Sure, research shows that e-cigarettes contain fewer toxic substances and have proven instrumental in helping smokers break their habits -- but that’s precisely the problem. Cigarettes, expensive and heavily taxed, are major contributors to the economy. The tobacco industry employs millions of Americans, including farmers. And the inevitable health problems that arise from prolonged tobacco use have spawned a multi-billion dollar healthcare industry that treats related ailments, such as heart disease, lung cancer, emphysema and others. Eradicating cigarettes accomplishes nothing more than eradicating whole industries, leaving unfathomable numbers of hard-working American health professionals and agricultural specialists unemployed.

Internet Porn

There was a time, not too far in the past, when lonely Americans purchased greeting cards, flowers and candy to woo the objects of their affections. The courting ritual was a healthy way for men and women to develop their interpersonal relationship skills, social networks and to contribute to the U.S. economy. Honing their bodies to alluring perfection meant costly gym memberships. Roses, chocolates and prom nights were not cheap excuses to get laid -- they were very expensive excuses to get laid. Bar tabs, fancy dinners, new wardrobes, movie tickets and romantic outings caused profits in niche markets to soar.
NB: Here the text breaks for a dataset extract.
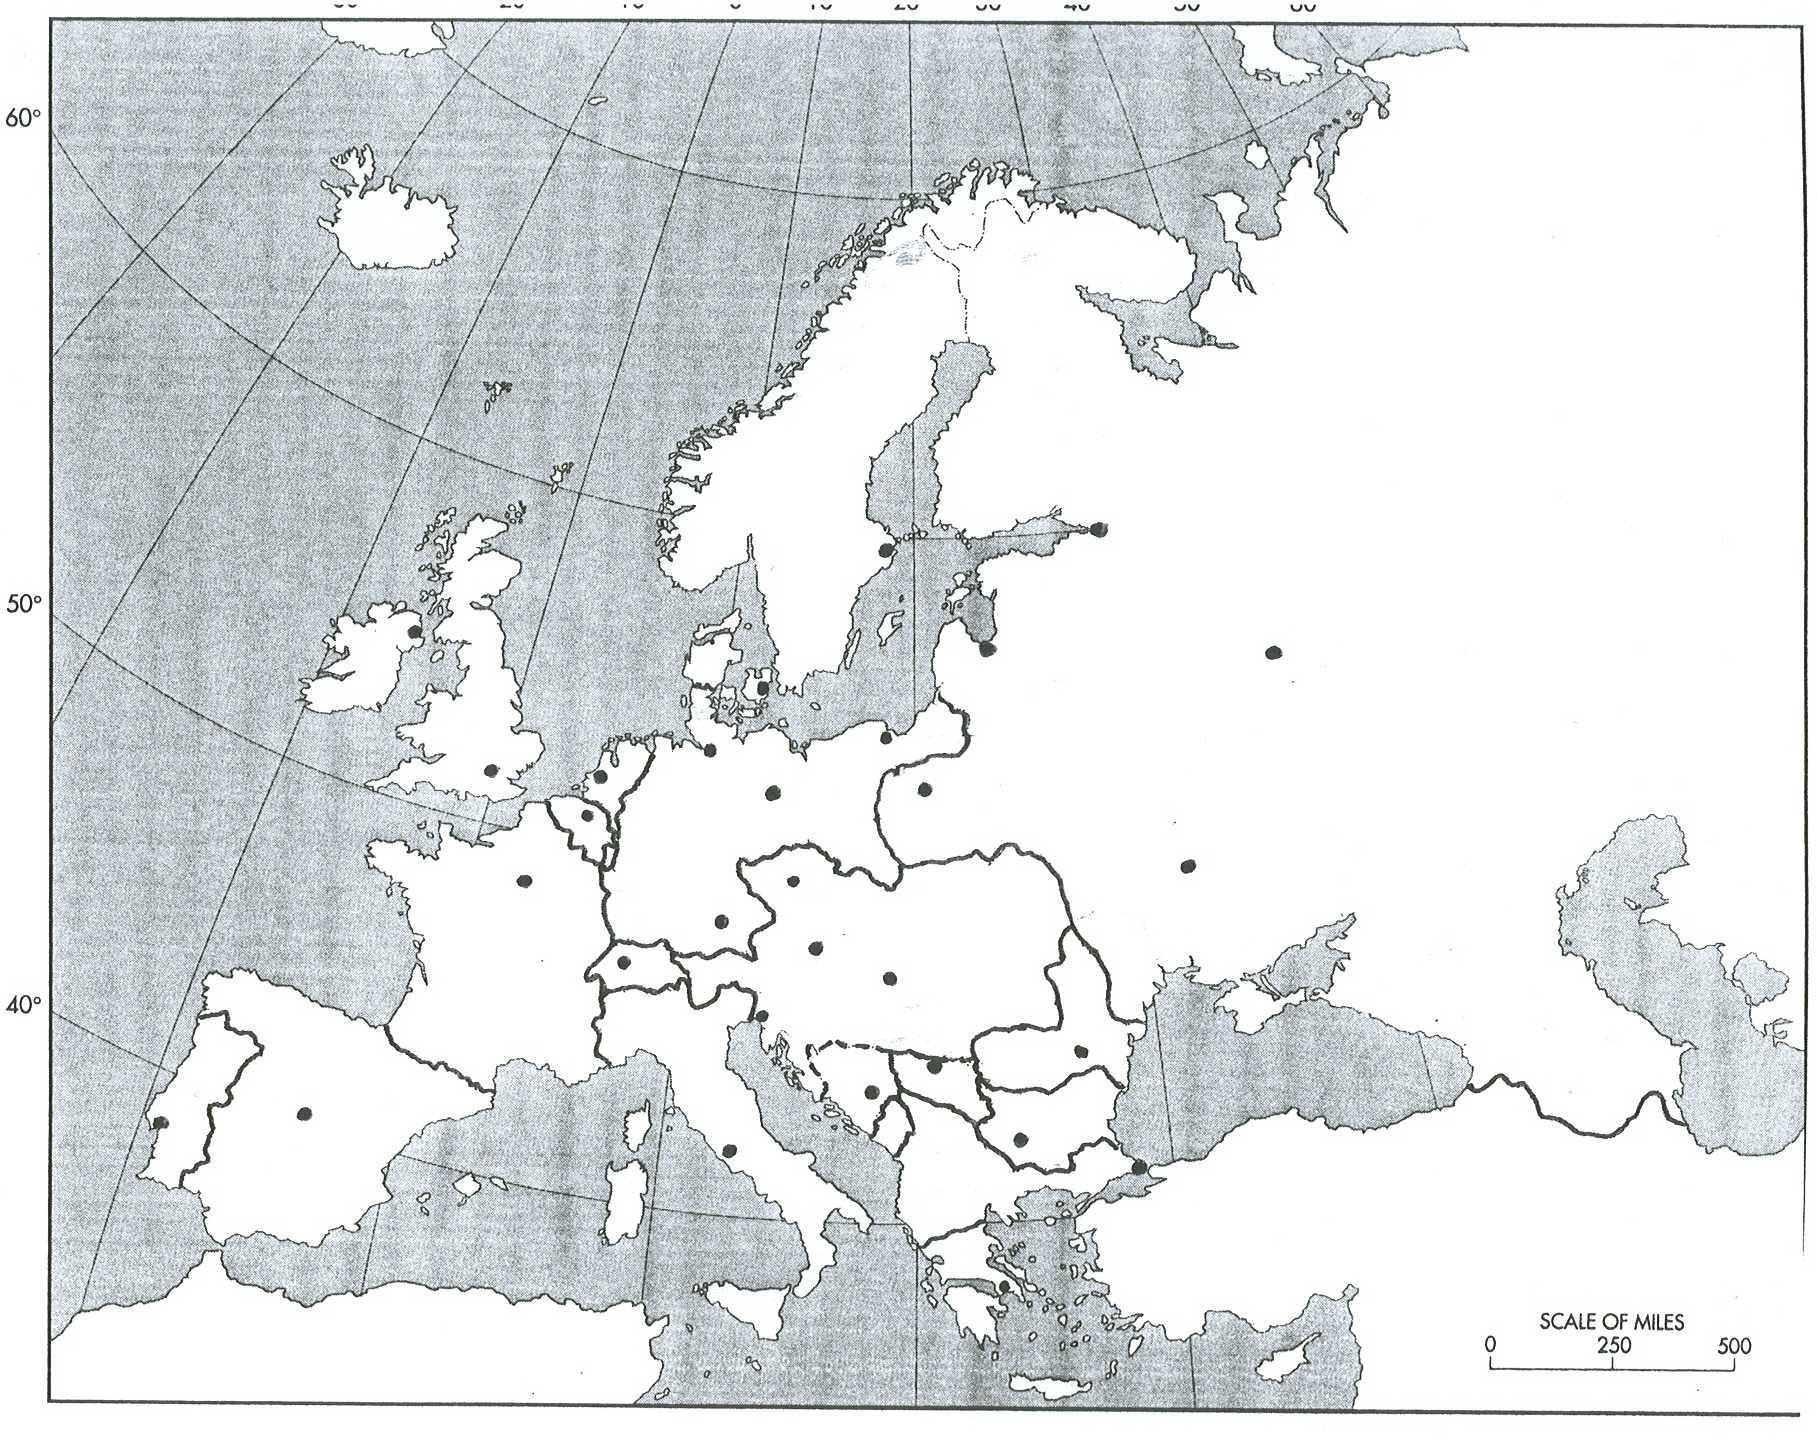 Blank Map Of Europe During World War 2

And for those wretched souls too awkward to date, or those too perverted, the U.S. prostitution sector enjoyed substantial gains. Yes, love was lucrative. And in the 21st century, the honeymoon has ended. Abruptly and impoverished.

Internet porn -- cheap or oftentimes free, but always available and on-demand -- has killed the market once cornered by lust. Why spend any time, thought or coin trying to win over a drunken club rat or long-admired co-worker when you can masturbate the night away to a variety of sex objects, customizable to your preference or mood, in acts as dirty or fetishized as your unspoken yearnings? No planning, uncomfortable encounters, amorous banter, big restaurant bills, judgment or derision. Internet pornstars will never reject you or make demands of you. But they’ll also never love you or help you find your way back into the pure, unsullied grace of Christ.

Digital Books

There was a time when publishers and educators feared that the Internet would destroy the printed word. It may have, but it didn’t destroy reading. Literacy is on the rise. The Web’s very nature relies on content. More people today read and write regularly as a result. Electronic publishing, therefore, is booming. That’s a problem.

Literature has always been present in our culture, but going to a bookseller and doling out cash for prohibitively expensive novels usually served as a good deterrent. Like Internet porn, technology has enabled affordable, on-demand gratification in publishing. Our phones and tablets double as reading devices. And through vast digital libraries on e-commerce sites such as Amazon, iTunes and Google Play, millions of books wait at our fingertips to be opened.

Prior to the Internet, bookstores sold what they were told to -- what the corporations who owned them deemed appropriate, influenced by the recommendations of the congresspeople who supported those businesses. A casual shopper could find any number of useful and morally enriching literature -- the Christian Bible, the memoirs of Ronald Reagan and anything by Glenn Beck or Bill O’Reilly.

Today, readers have instant, unchecked access to obscene and dangerous materials. The 9/11 Commission Report, religious scriptures extolling the teachings of Judaism or Islam or Scientology, anything by Al Franken, and even a few highly flawed history texts by charlatans such as Jon Stewart.

The sad axiom has always persisted that people will believe anything they read in a book. The medium itself carries an aura of authority and veracity. Conservatives, much maligned and libeled in the pages of various tomes, have long understood the erroneous trust put into the written word. But technology has now diminished their control over the truth, in the printed and digital presses of this epoch’s computer-bedazzled dystopia.